Question

The pyknometric density of the sodium chloride crystal is $2.165\times {{10}^{3}}kg{{m}^{-3}}$ while its X-ray density is $2.178\times {{10}^{3}}kg{{m}^{-3}}$. The fraction of unoccupied sites in the sodium chloride crystal is:
A. $5.96\times {{10}^{-3}}$
B. $5.96$
C. $5.96\times {{10}^{-2}}$
D. $5.96\times {{10}^{-1}}$

Answer 1

Hint: Think about what the pyknometric and the X-ray densities indicate about the lattices of the crystal. Calculate the volume that is unoccupied by subtracting one type of density from the other.

Complete step by step answer:
We know that the pyknometric density is the actual density of the crystal and takes into account the unoccupied sites. This density is calculated by taking into account only the sites that are occupied and thus gives us information about the actual sites that are occupied.
X-ray density on the other hand gives us information about the crystal in an ideal case where all sites are considered to be occupied. It is also known as the theoretical density of the molecules.
So, to find the volume of unoccupied sites in the sodium chloride crystals we will subtract the actual molar volume from the theoretical molar volume. We can find the molar volume using the formula that relates density volume and mass. Let us consider that the total mass of $NaCl$ crystals present is $M$.

So, we get the following formula:
\[\text{density = }\dfrac{\text{mass}}{\text{molar volume}}\]
So, we will modify the equations to suit our needs.
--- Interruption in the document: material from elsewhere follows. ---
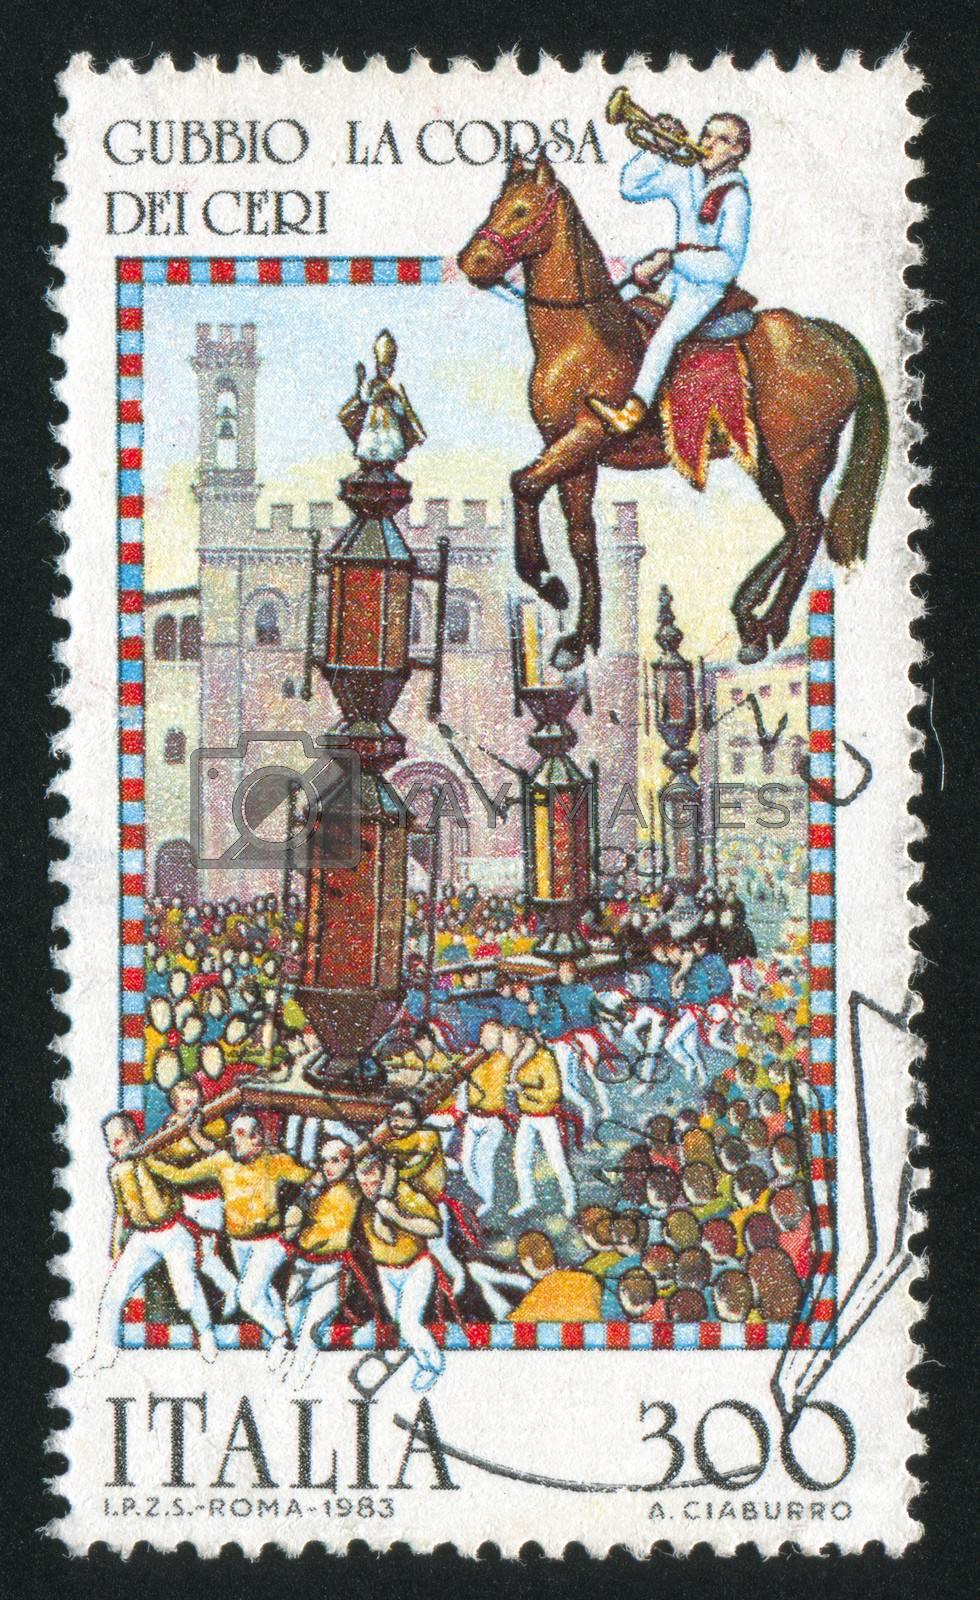 ITALY - CIRCA 1983: stamp printed by Italy, shows La Corsa Dei Ceri Procession, Gubbio, Folk Celebration, circa 1983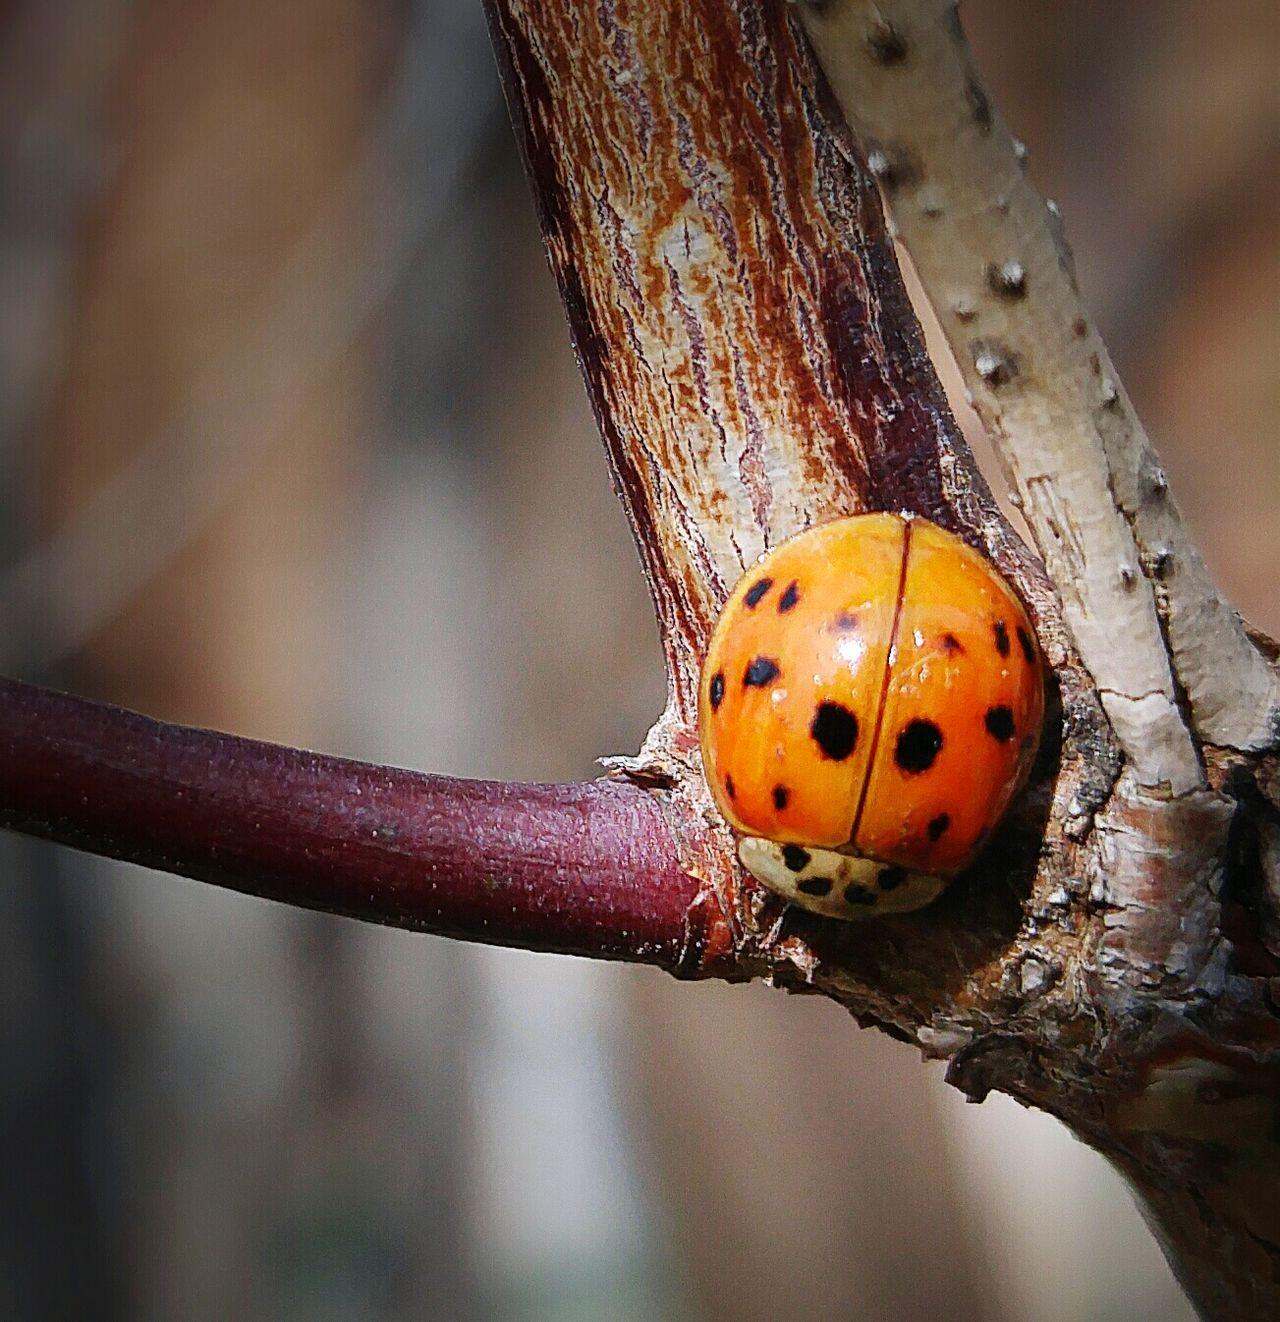 Spring Ladybug Ladybugs Photography Ladybugmacro Macro Macro Nature Insect Photography Treebranch

First let us consider the theoretical molar volume.
\[\begin{align}
 & \text{X-ray density = }\dfrac{M}{\text{theoretical molar volume}} \\
 & \text{theoretical molar volume = }\dfrac{M}{2.178\times {{10}^{3}}} \\
\end{align}\]

Now we will calculate the actual molar volume using the pyknometric density.
\[\begin{align}
 & \text{pyknometric density = }\dfrac{M}{\text{actual molar volume}} \\
 & \text{actual molar volume = }\dfrac{M}{2.165\times {{10}^{3}}} \\
\end{align}\]

So, now that we have the theoretical and actual molar volumes of the crystal, we can find the volume of the unoccupied sites in the crystal by subtracting the theoretical molar volume from the actual molar volume.
Volume of unoccupied sites = actual molar volume - theoretical molar volume
\[\begin{align}
  & \text{volume of unoccupied sites = }\dfrac{M}{2.165\times {{10}^{3}}}-\dfrac{M}{2.178\times {{10}^{3}}} \\
 & \text{volume of unoccupied sites = }M\times {{10}^{-3}}\left( \dfrac{1}{2.165}-\dfrac{1}{2.178} \right) \\
 & \text{volume of unoccupied sites = }M\times \dfrac{0.013}{2.165\times 2.178}\times {{10}^{-3}}{{m}^{3}} \\
\end{align}\]

We can find the fraction of the unoccupied sites by dividing the volume of the unoccupied sites by the actual volume. So, the fraction of unoccupied sites will be:
\[\begin{align}
  & \text{fraction of unoccupied sites =}\dfrac{\text{volume of unoccupied sites}}{\text{actual volume}} \\
 & \text{fraction of unoccupied sites = }\dfrac{M\times \dfrac{0.013}{2.165\times 2.178}\times {{10}^{-3}}}{\dfrac{M}{2.165\times {{10}^{3}}}} \\
 & \text{fraction of unoccupied sites =}\dfrac{0.013}{2.178} \\
 & \text{fraction of unoccupied sites =}5.96\times {{10}^{-3}} \\
\end{align}\]
Hence, the correct answer is. $5.96\times {{10}^{-3}}$
So, the correct answer is “Option A”.

Additional Information:
We can find the fraction of unoccupied sites by an easier method using the following formula:
\[\text{fraction of unoccupied sites = }\dfrac{\text{X-ray density }-\text{ Pyknometric density}}{\text{X-ray density}}\]

Note: Note that the actual volume of the crystal will be greater than the theoretical calculated value of volume. This happens due to the presence of unoccupied sites. They reduce the interaction between two unit cells and make the crystal slightly loosely packed, so that the volume will increase.